Orders of growth provide only a crude description of the behavior of a process.
For example, a process requiring n
2 steps and a process requiring
1000
增长的阶只是对一个计算过程行为的粗略描述。例如,需要 n
2 步的计算过程与需要 1000
n
2 steps and a process requiring 3
n
2 步的计算过程以及需要 3
n
2
+
10
n
+
17 steps all
have Θ
(
+ 17 步的计算过程,其增长的阶均为 Θ
(
n
2
) order of growth.

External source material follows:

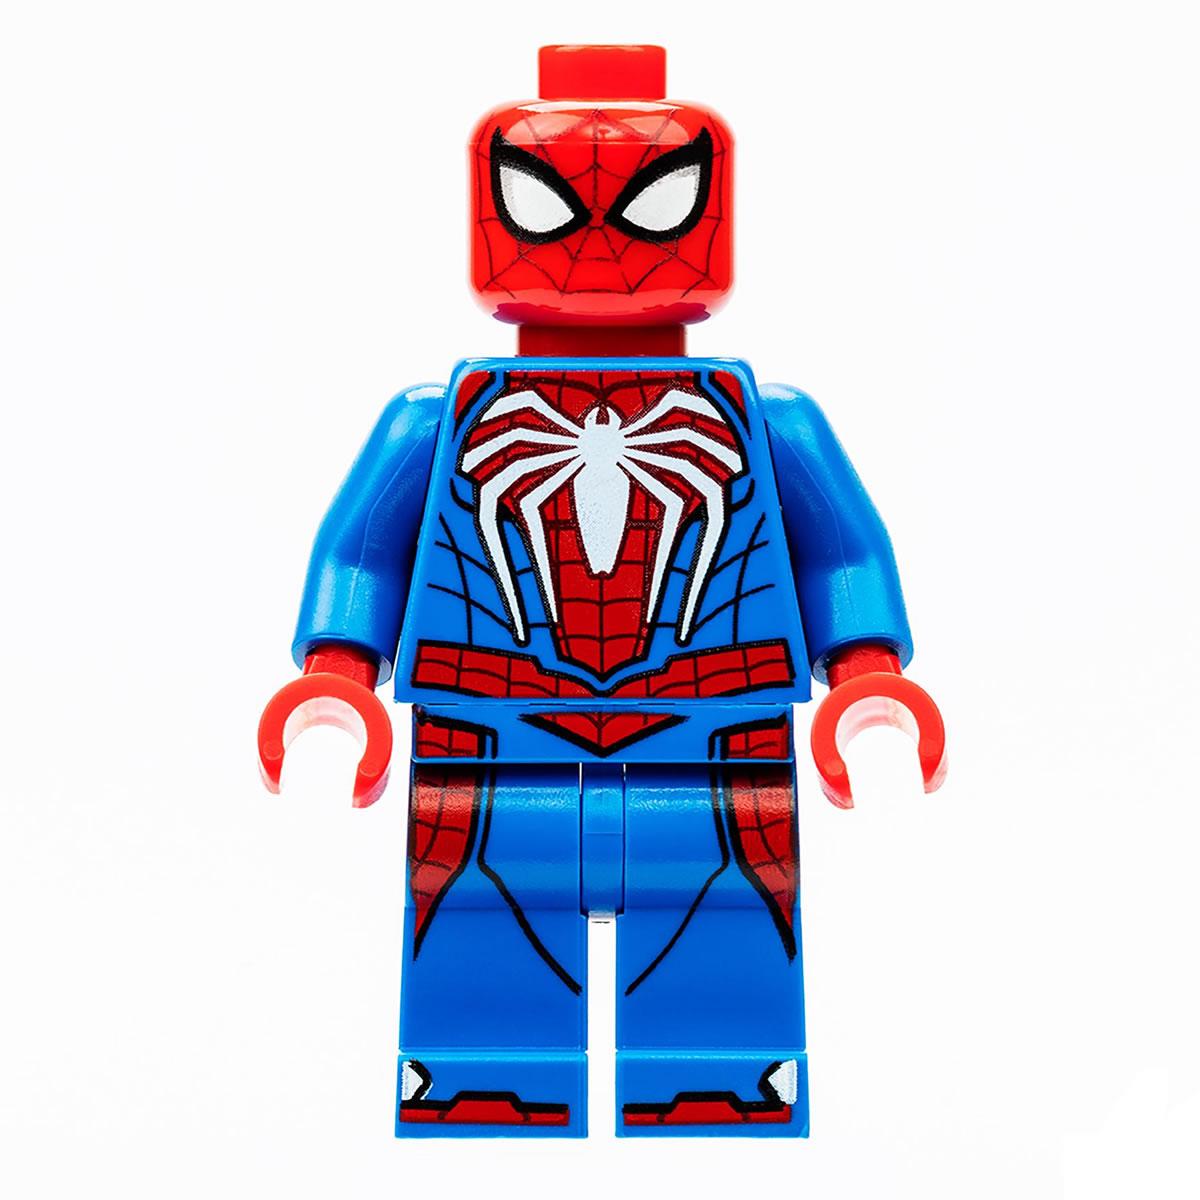 lego-marvel-spider-man-exclusive-minifigure-san-diego-comic-con-2019 zusammengebaut.com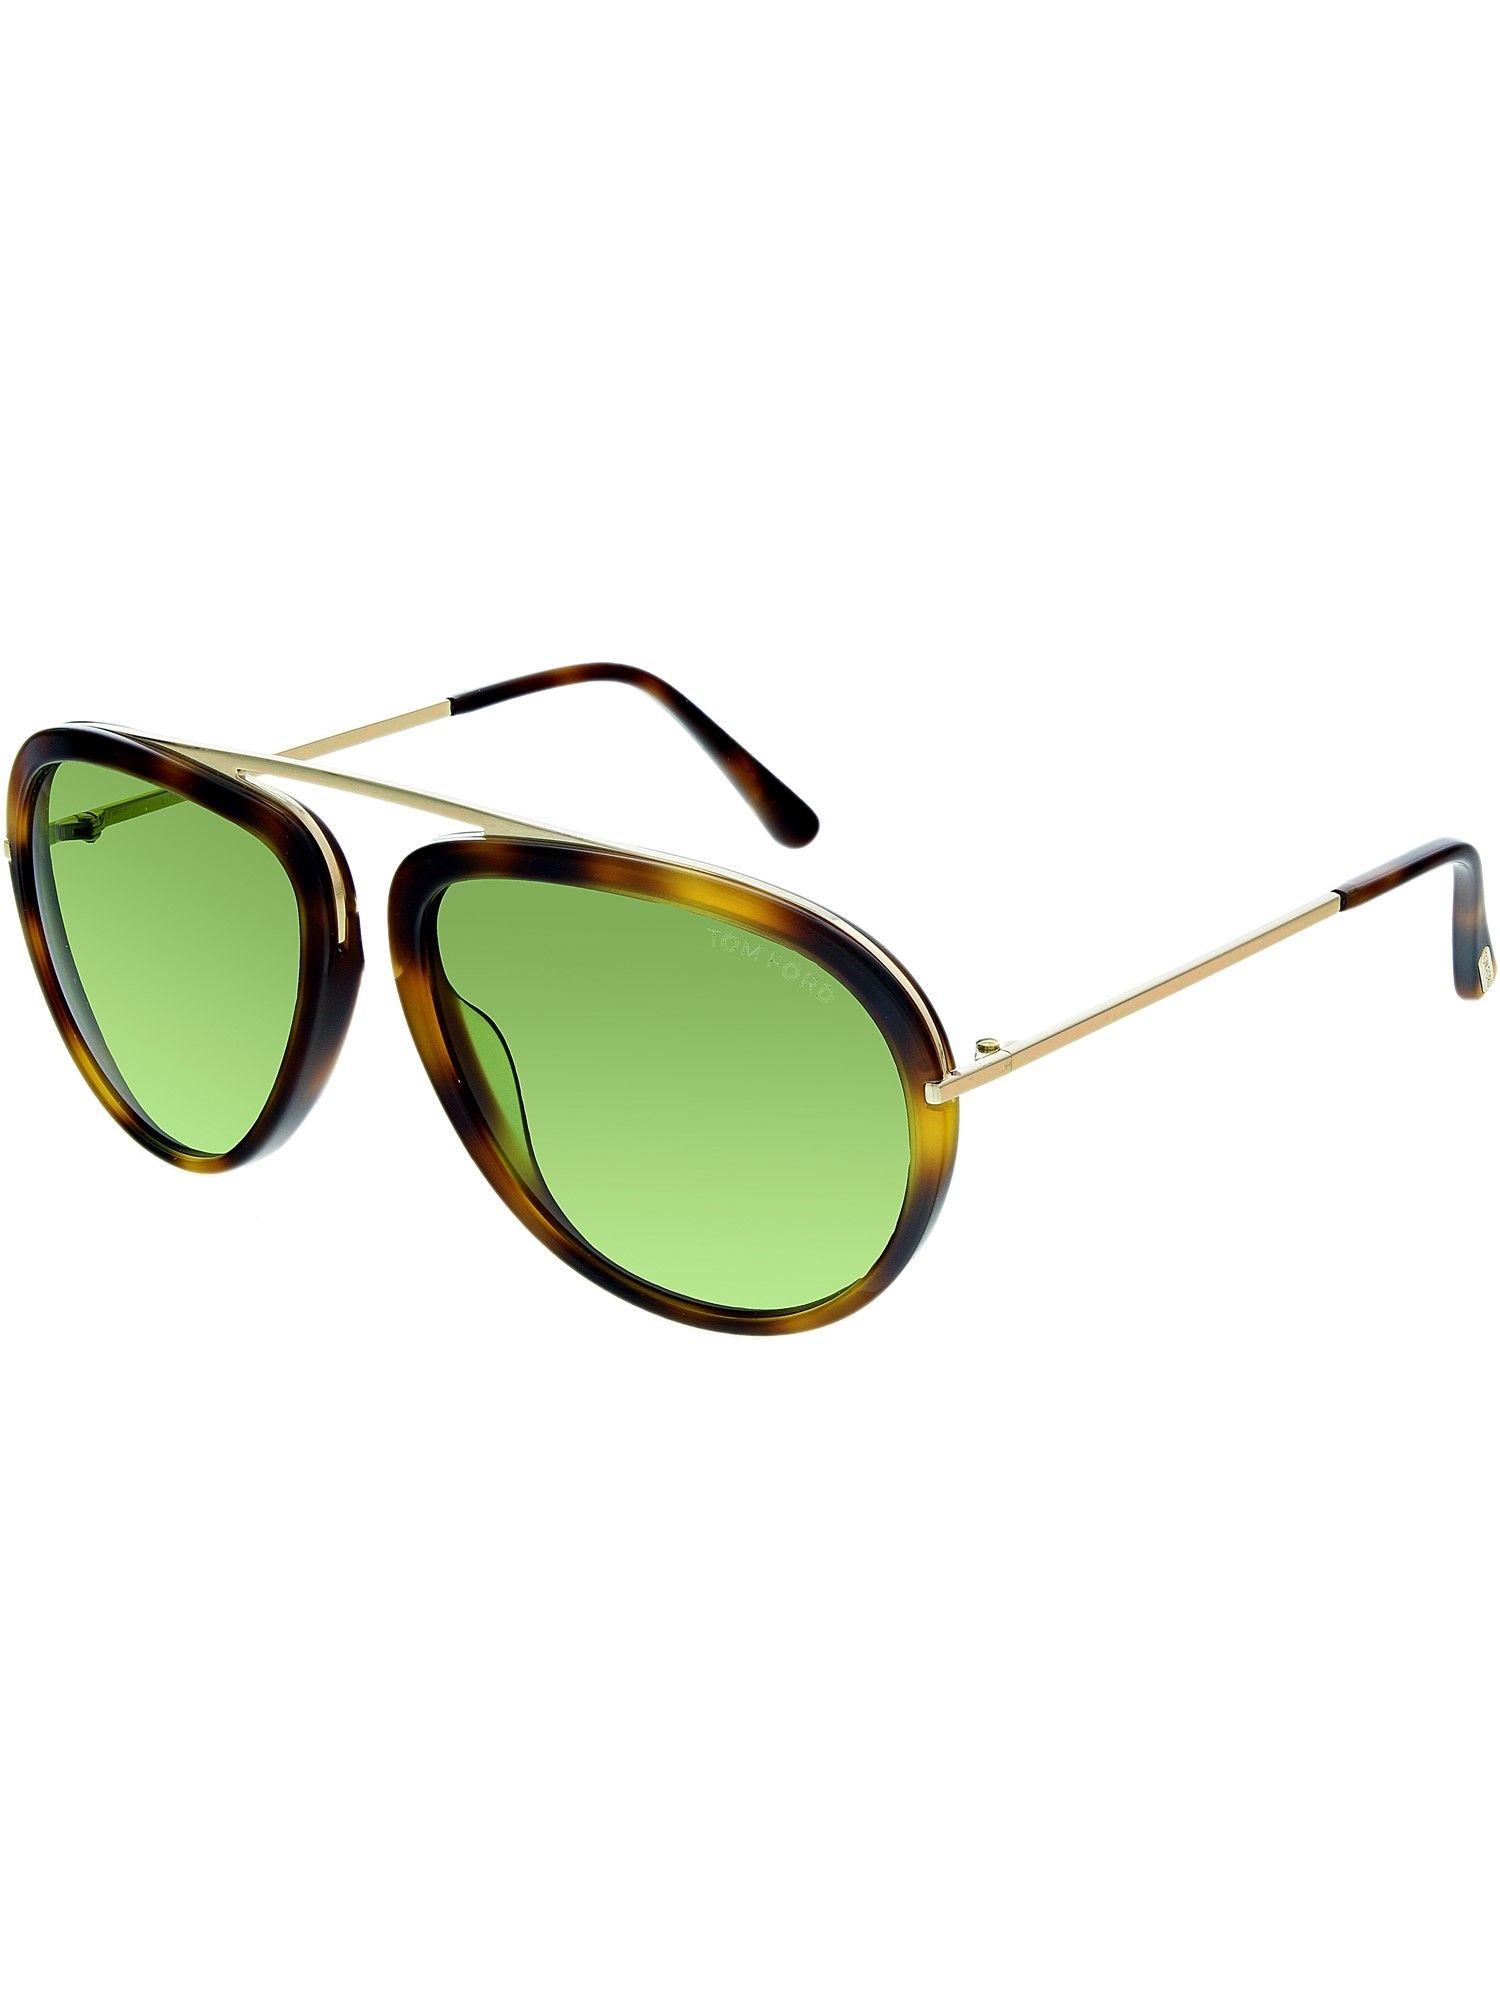 7da63e0b66b0c Tom Ford FT0452 Stacy Pilot Sunglasses

On the other hand, order of growth
provides a useful indication of how we may expect the behavior of the process
to change as we change the size of the problem. For a Θ
(
n
)
(linear) process, doubling the size will roughly double the amount of resources
used. For an exponential process, each increment in problem size will multiply
the resource utilization by a constant factor. In the remainder of
1.2 we will examine two algorithms whose order of growth is logarithmic,
so that doubling the problem size increases the resource requirement by a
constant amount.
)。但从另一方面来看,增长的阶能够有效地揭示:当问题规模改变时,计算过程的行为将如何随之变化。对于一个 Θ
(
n
)(线性)计算过程而言,将问题规模翻倍,所耗用的资源量大约也翻倍。对于指数型计算过程,每增加一个单位的问题规模,资源消耗量就会乘以一个常数因子。在 1.2 节的余下部分,我们将考察两个增长阶为对数的算法——对于这类算法,问题规模翻倍只会使资源需求增加一个常数量。